What Should We Do When Families Refuse Testing for Brain Death?

Robert D. Truog, MD, MA, Wynne Morrison, MD, MBE, and Matthew Kirschen, MD, PhD
AMA J Ethics. 2020;22(12):E986-994. doi: 10.1001/amajethics.2020.986.

Abstract

Two commentaries respond to a case about apnea testing to confirm death by neurologic criteria.

Case

BJ is a 10-year-old who was pulled from a pool. He was intubated in the field by emergency medical technicians. Cardiopulmonary resuscitation was performed for 30 minutes before his heart started beating again. Upon arrival in an emergency department, BJ was unresponsive, with sluggishly reactive pupils, but no other brain stem reflexes. After being admitted to the pediatric intensive care unit (PICU), BJ was minimally over-breathing the ventilator. Sedated and cooled to 33 °C for 24 hours, BJ was then gradually rewarmed over the next 24 hours. Three days after rewarming and discontinuation of sedation, BJ did not over-breathe the ventilator and remained comatose with no brain stem reflexes. After another 3 days, BJ’s condition did not improve.

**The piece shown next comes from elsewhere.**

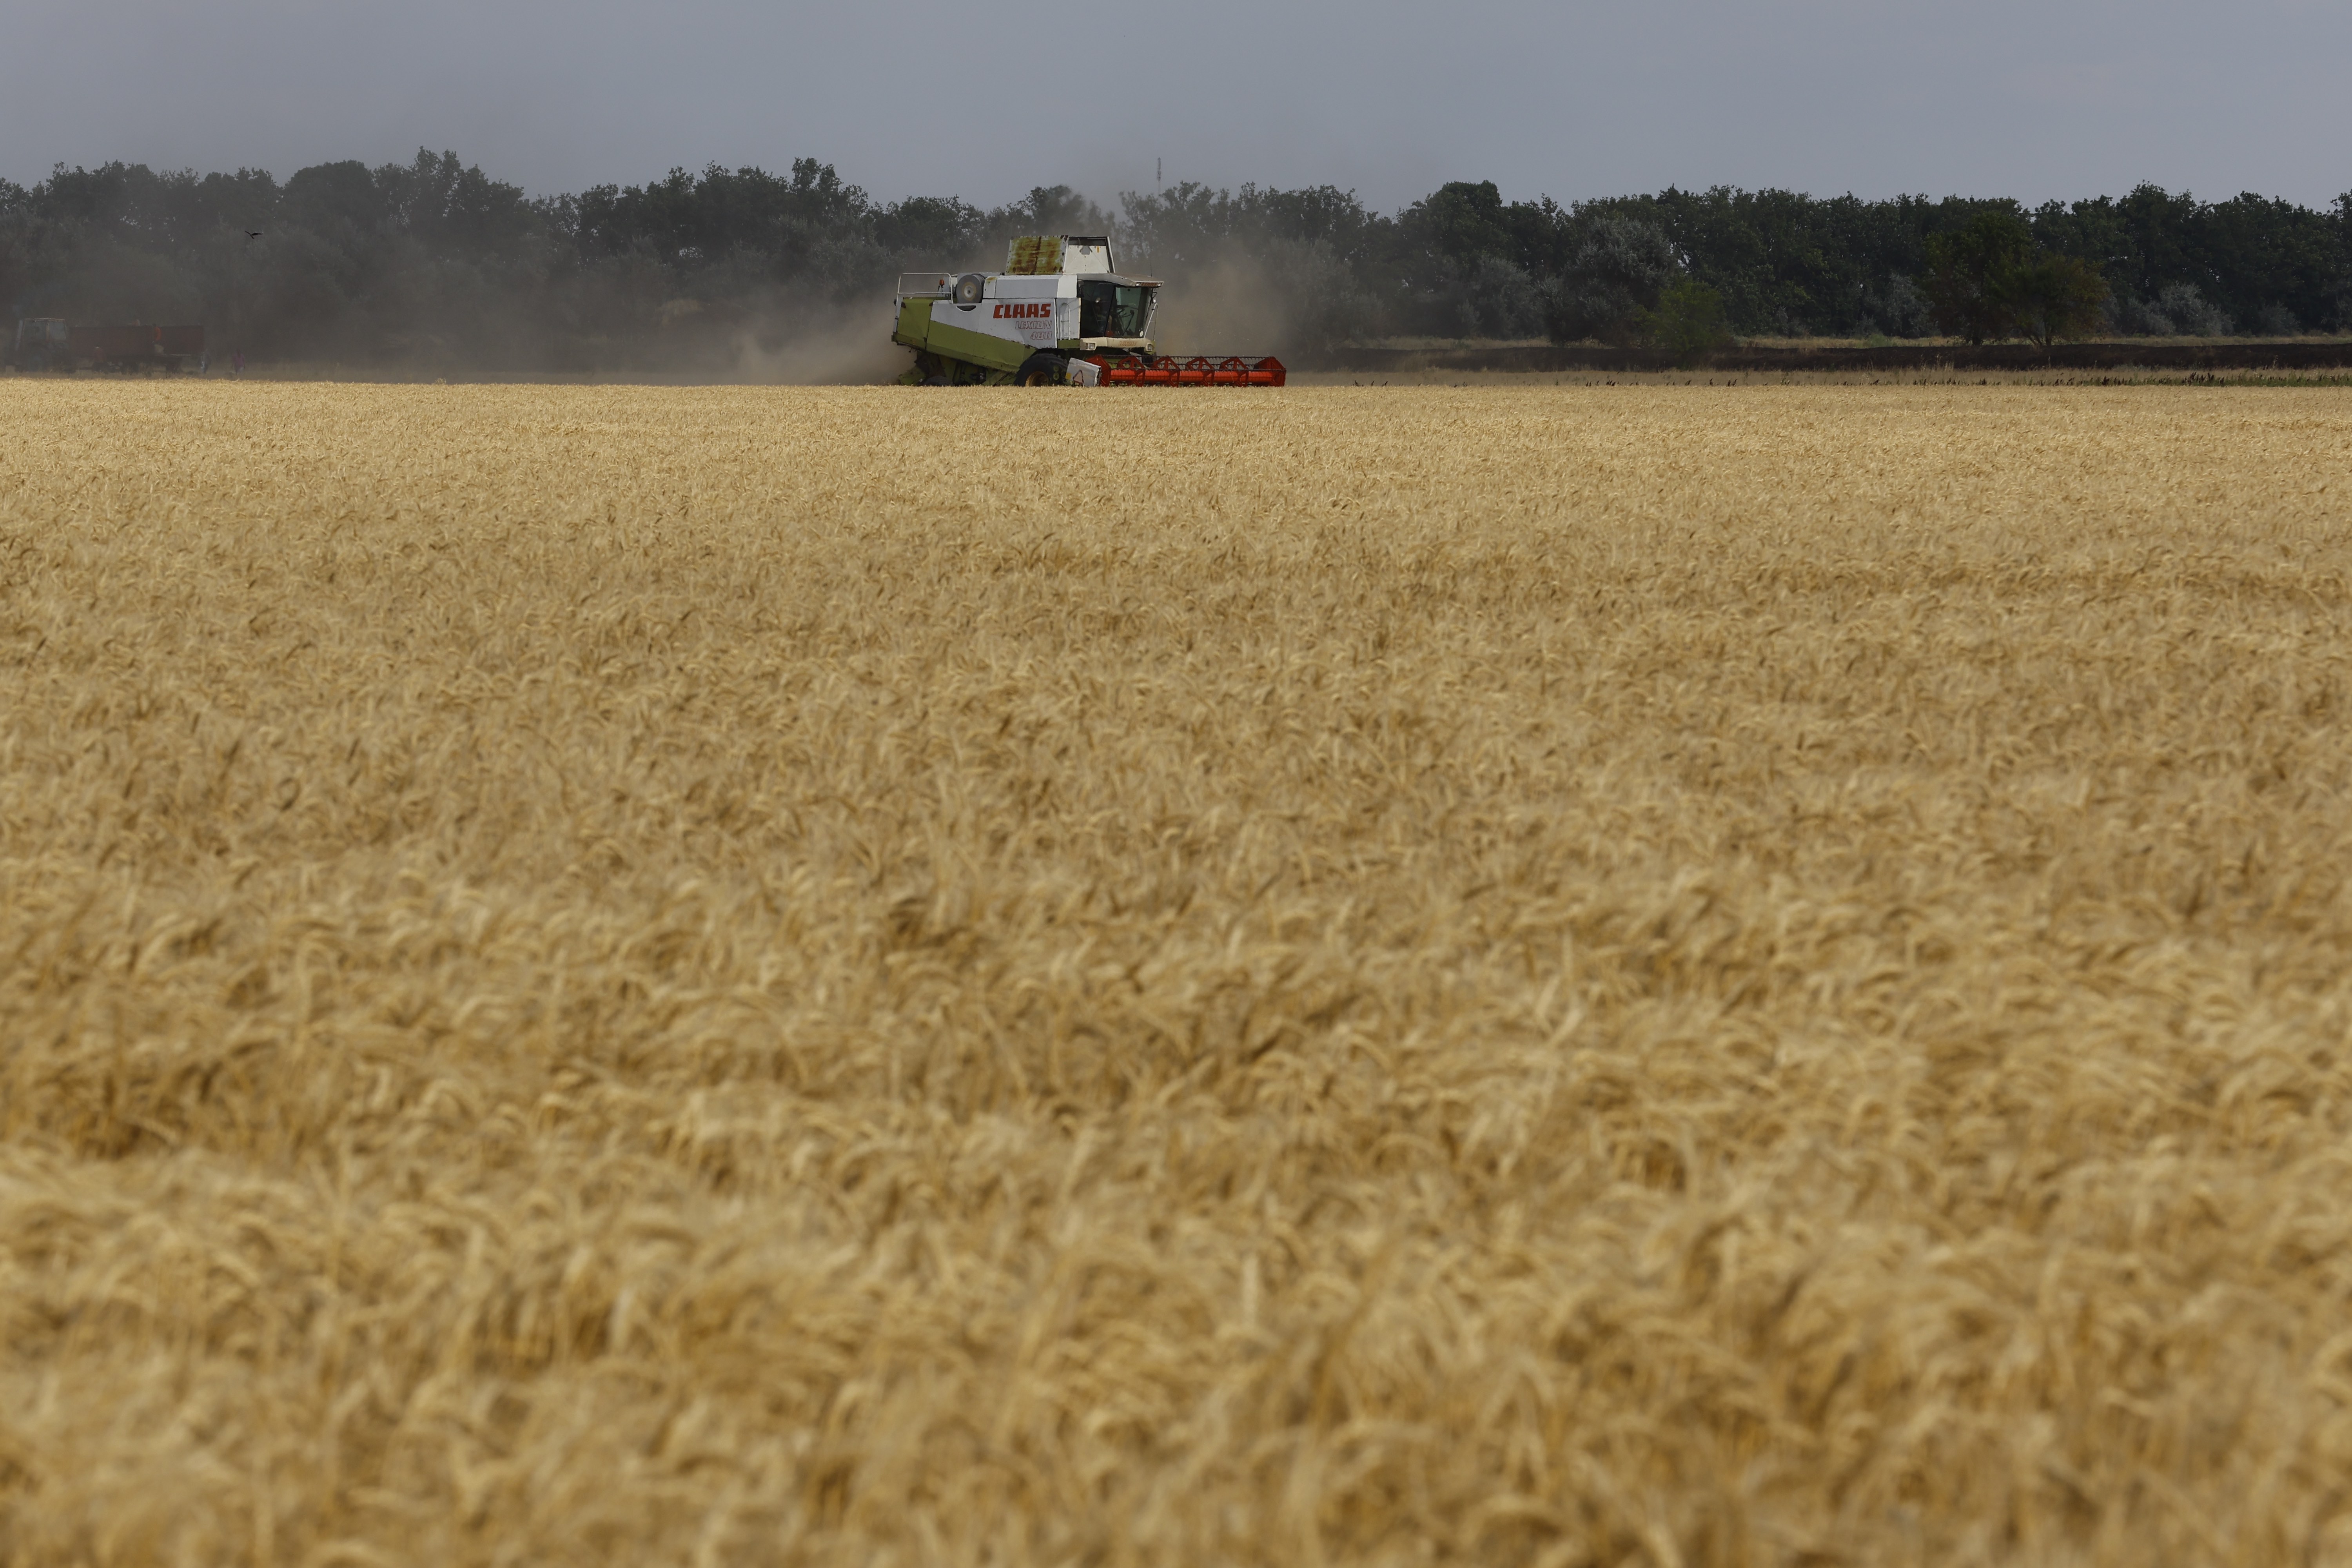 A harvester operates in a field in Kherson region on July 26, 2022.

Eight days after BJ’s admission to the PICU, Dr F obtained a cranial computed tomography scan that showed diffuse sulcal and cisternal effacement, loss of gray-white borders, and herniation. Dr F now explains to BJ’s parents that BJ is probably “brain dead” and that the next step in BJ’s care is to perform a clinical examination to look for evidence of brain activity. Dr F further explains that patients with no signs of brain activity are taken off the ventilator to see whether they breathe spontaneously. Although BJ’s parents are upset, they express understanding and agreement with Dr F’s assessment plan.

Dr F performs the clinical assessment in accordance with the Society of Critical Care Medicine, American Academy of Pediatrics, and Child Neurology Society 2011 standards1 and concludes that BJ is comatose with no brain stem reflexes. With BJ’s parents at the bedside, Dr F performs an apnea test, regarded as a critical part of a brain death diagnosis examination,2 and finds that BJ does not breathe, despite a rise in carbon dioxide partial pressure to 110 mm Hg.

BJ’s parents express concern that BJ looked uncomfortable being off the ventilator during the apnea test. Dr F responds, however, that the apnea test results3 suggest that BJ is brain dead and that the exam and the apnea test must be repeated to confirm this conclusion. BJ’s parents state that they’ve read online that apnea testing can be dangerous, emphasize that they never consented to an apnea test, and reiterate that they refuse to allow the apnea test to be repeated.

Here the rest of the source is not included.